• [STORED DATA]
= = = =

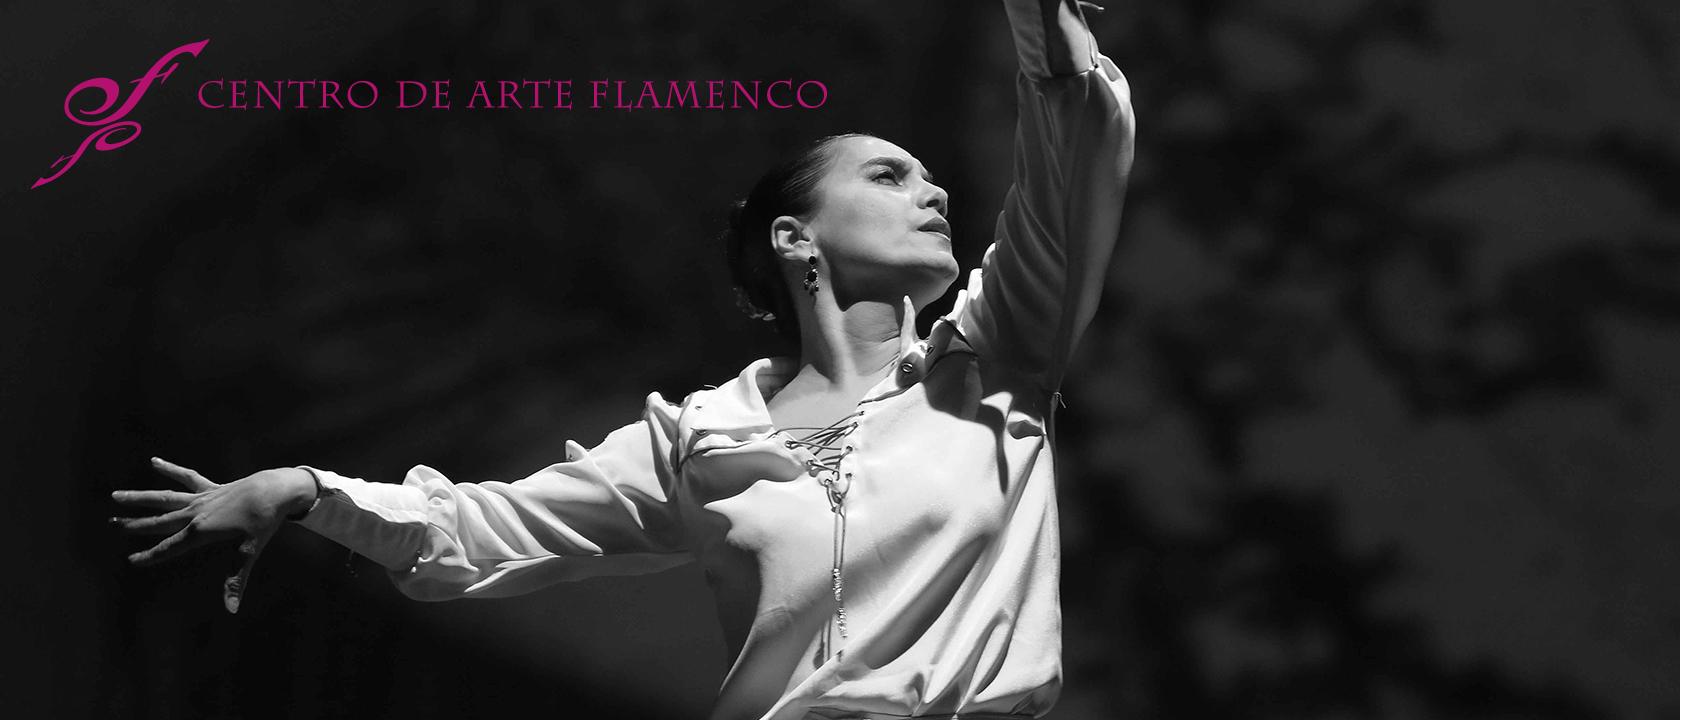 Flamencoworkshops mit Rafaela Carrasco: Juni 2017
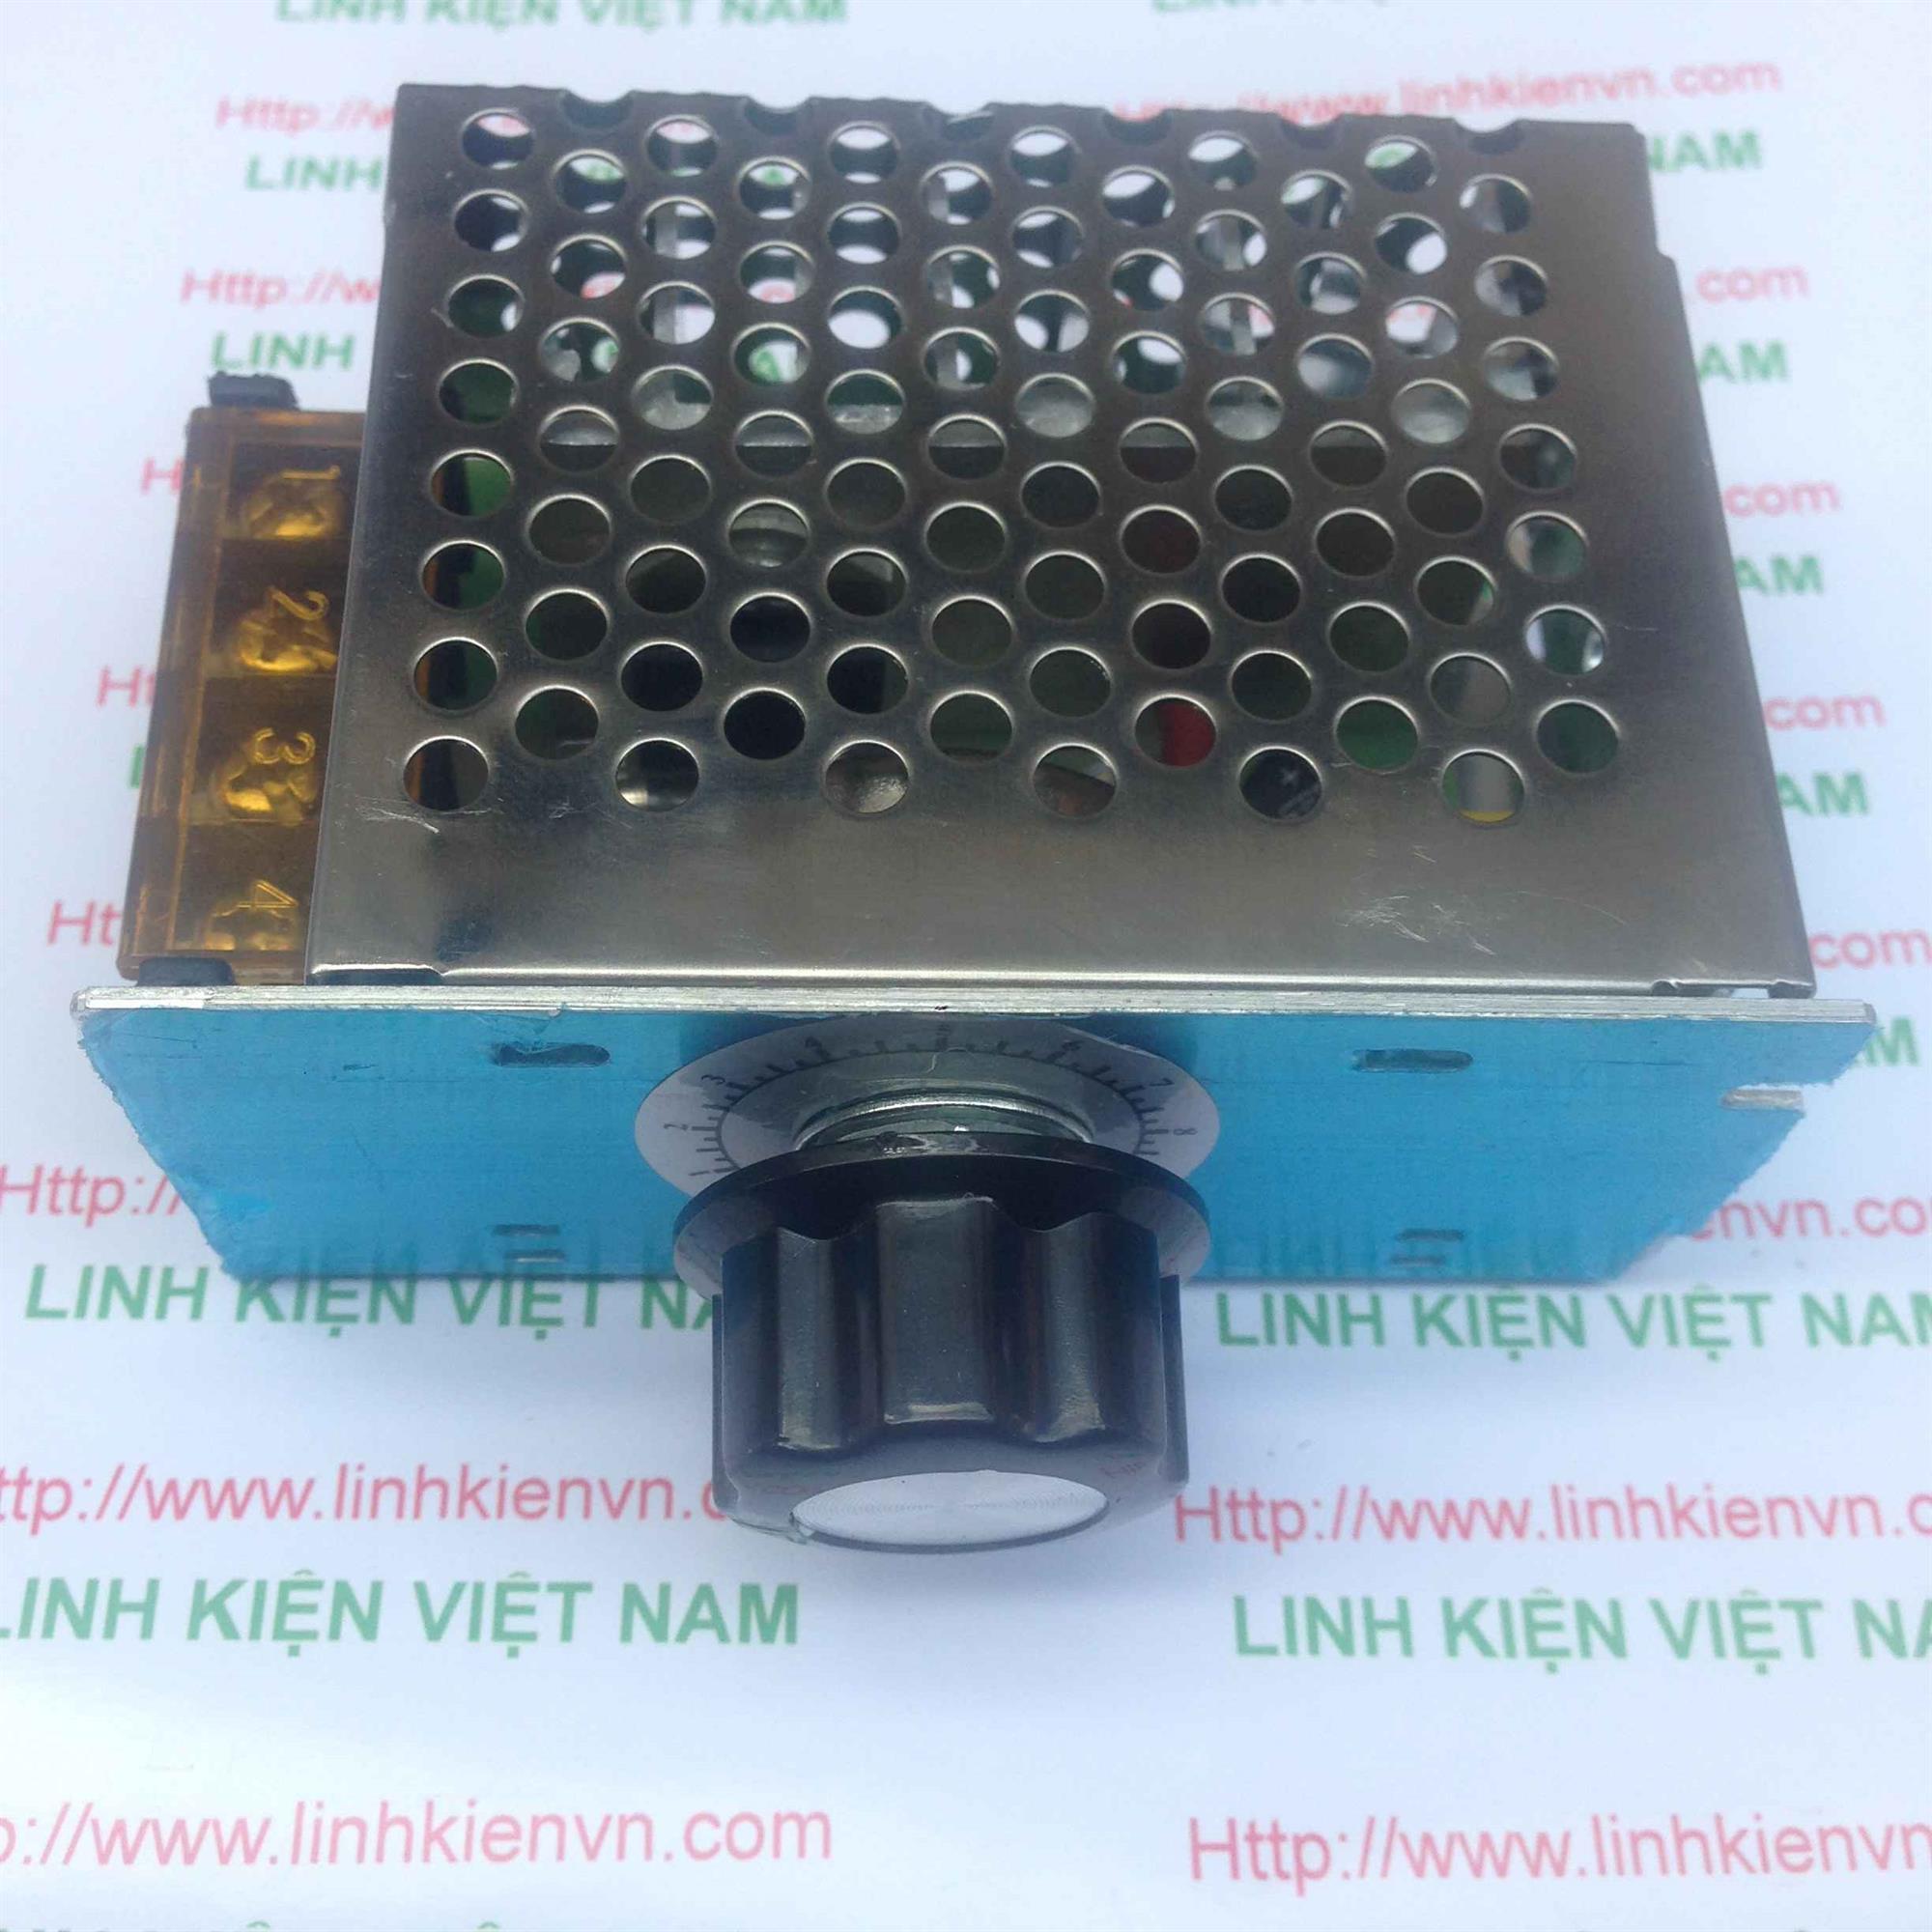 Mạch điều khiển Triac 4000W / Dimmer 4000W AC220V - G1H7 (KA1H1)
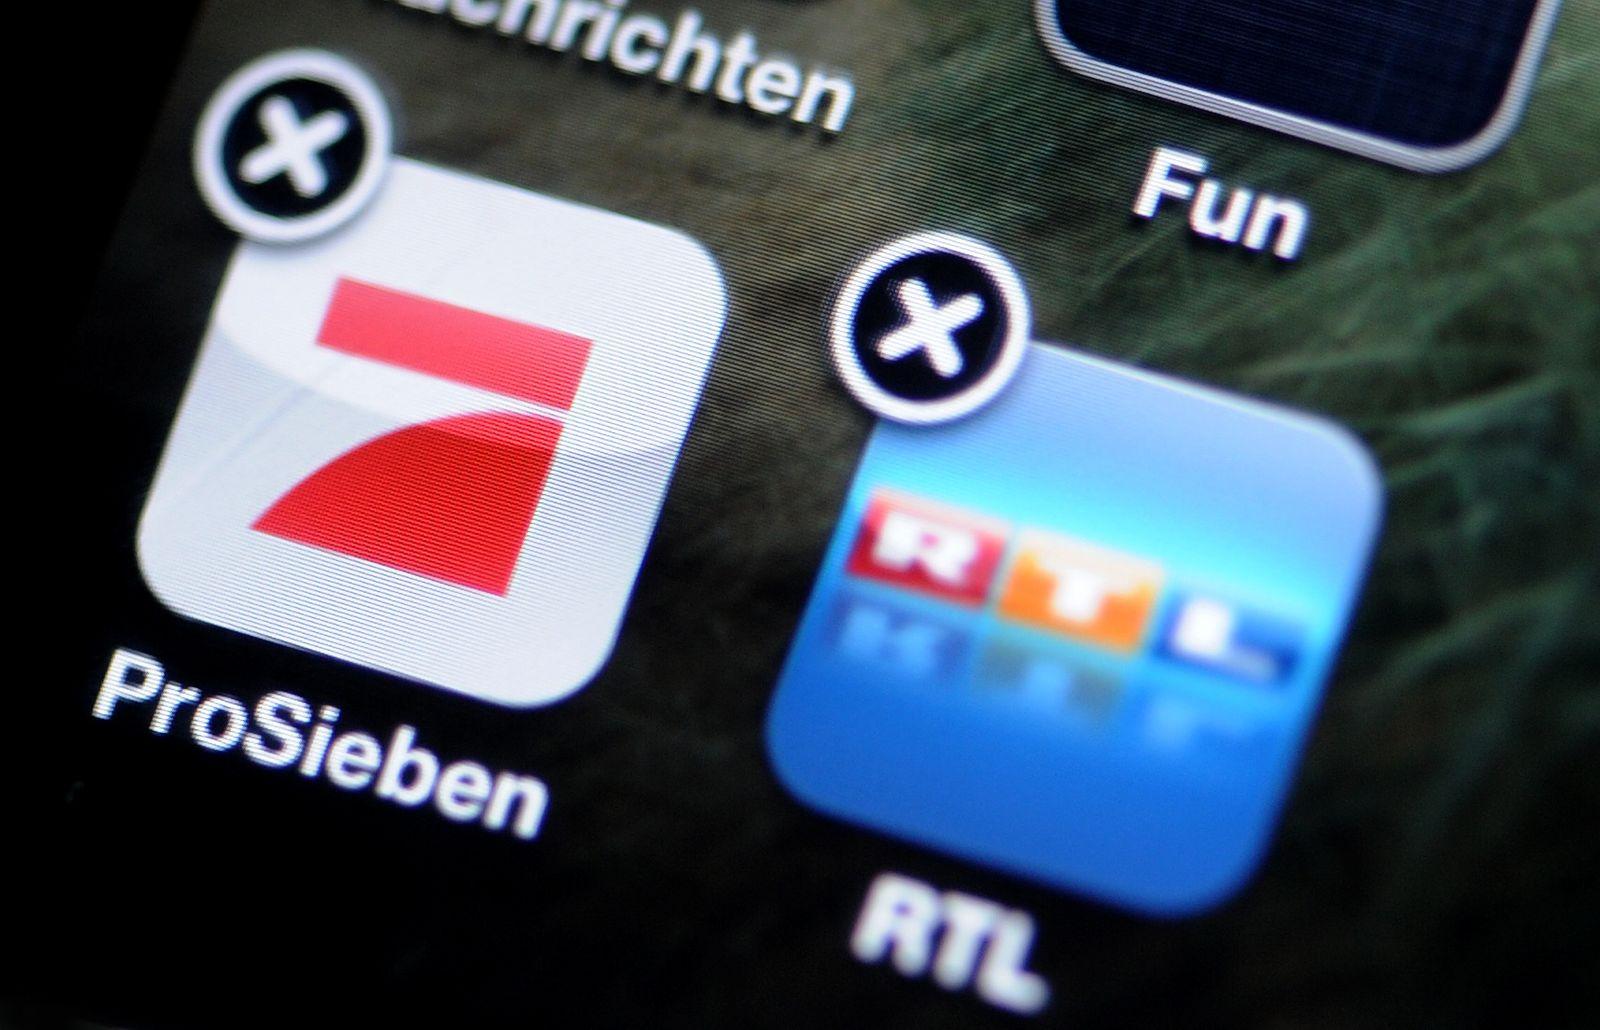 ProSieben / RTL / apps

= = = =

• [YOUR OBJECTIVE] Word for word, print all of the data; skip the pictures.

• [ANSWER TO THIS TASK]
 Flamencoworkshops mit Rafaela Carrasco: Juni 2017
 Mạch điều khiển Triac 4000W / Dimmer 4000W AC220V - G1H7 (KA1H1)
 ProSieben / RTL / apps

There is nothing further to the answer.